W czasie, gdy oczy świata skierowane są na Paryż, gdzie płonęła katedra Notre Dame, warto przypomnieć, że podobny dramat przeżywali niegdyś mieszkańcy Elbląga.
Katedra Notre Dame to najważniejsza świątynia Paryża i całej Francji. W pożarze, do którego doszło 15 kwietnia, doszczętnie spłonął dach kościoła, a jego iglica runęła. Wysokich temperatur nie wytrzymały także XIII-wieczne rozety i witraże. Uratowano obie wieże i strukturę budynku. Udało się także ocalić większość dzieł sztuki i relikwie.
26 kwietnia 1777 roku zapisał się na kartach historii Elbląga podobnie smutnymi zgłoskami jak kwietniowy wieczór bieżącego roku nad Sekwaną. Tego dnia na elbląskim niebie pojawiły się ciemne chmury, a nad miastem rozpętała się ogromna burza.
Po chwili piorun uderzył w wieżę katedry św.
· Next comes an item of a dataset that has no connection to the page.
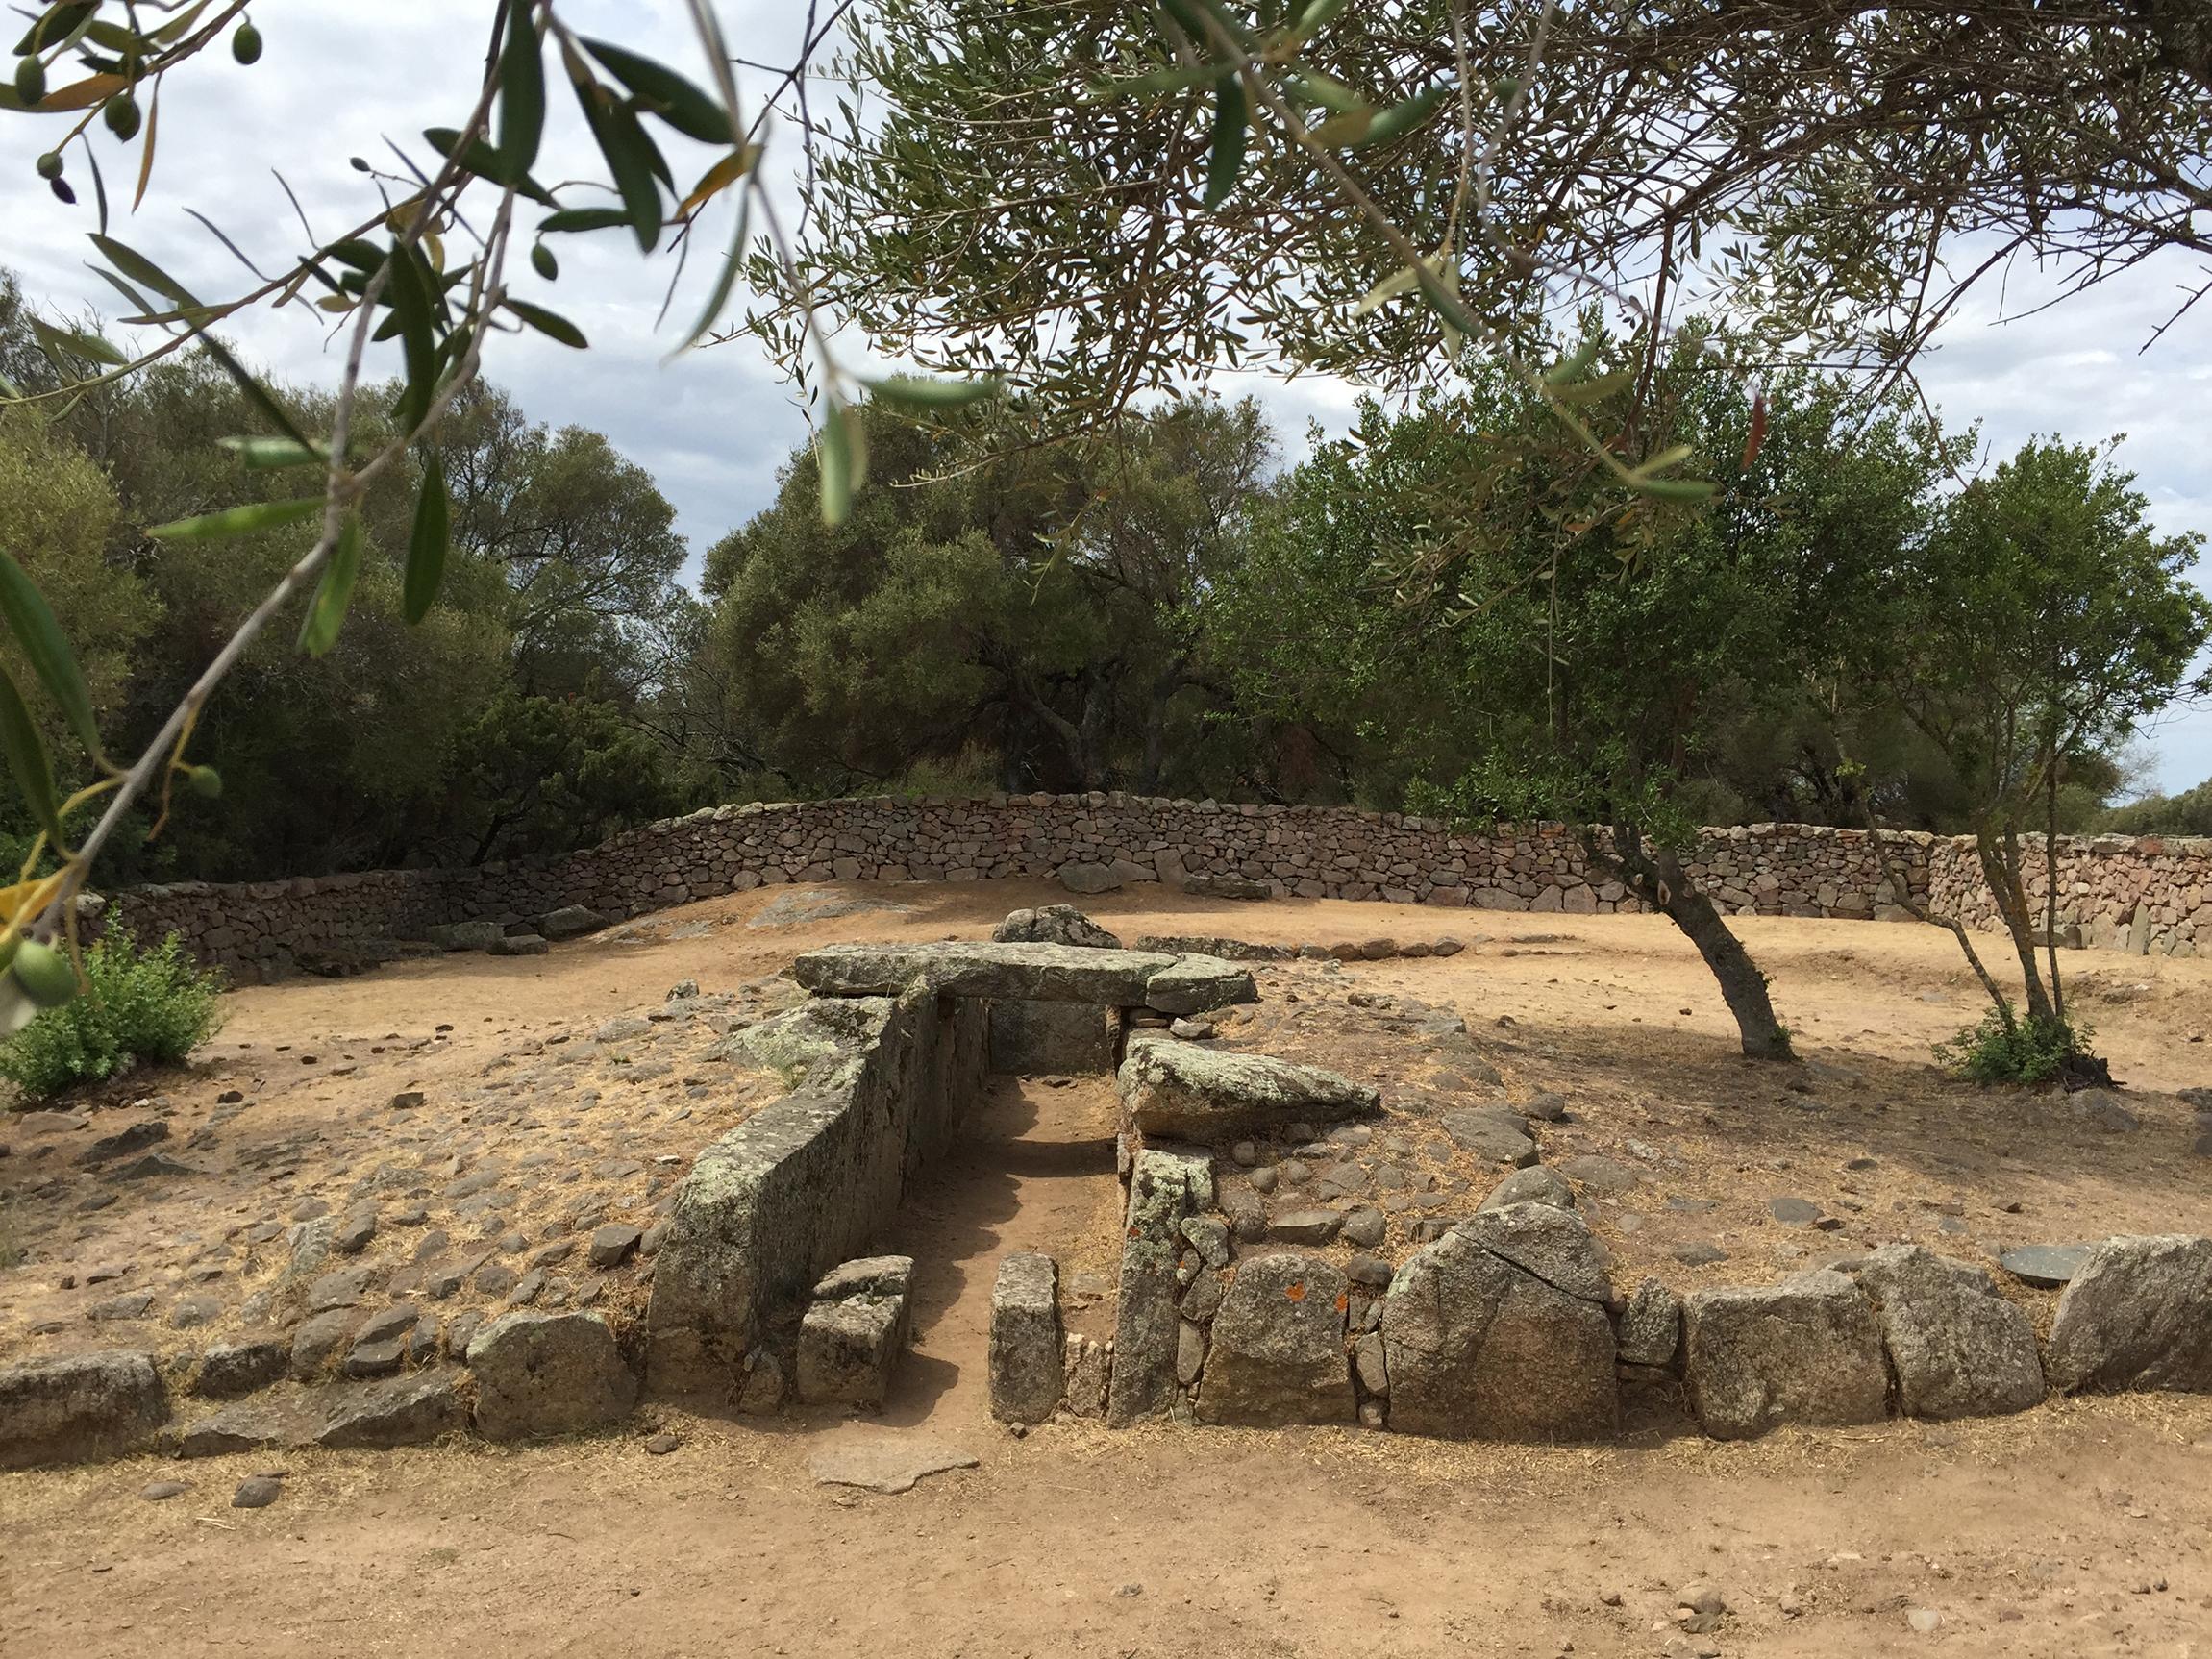 Tomba dei Giganti Moru - Parco archeologico di Arzachena (su concessione del MIBAC -Soprintendenza Archeologia, Belle Arti e Paesaggio per le Province di Sassari e Nuoro)

Mikołaja, która momentalnie zaczęła się palić. Podobnie jak w Paryżu odważni mieszkańcy wraz z kapłanami starali się wynieść jak największą część wyposażenia. Niestety, nie udało się ugasić ognia, który strawił wieże i dach kościoła. Wkrótce po pożarze zawaliły się sklepienia, niszcząc przy tym ołtarz główny i te elementy, które pozostały we wnętrzu świątyni.
Odbudowa elbląskiej katedry wiązała się z ogromnym nakładem środków, których wówczas w kasie miejskiej i kościelnej najwyraźniej brakowało. Nie odbudowano spalonej wieży głównej, a cały kościół obniżono o 6,5 metra. Wieżę odbudowano dopiero po 130 latach, a została ona poświęcona 24 października 1906 r.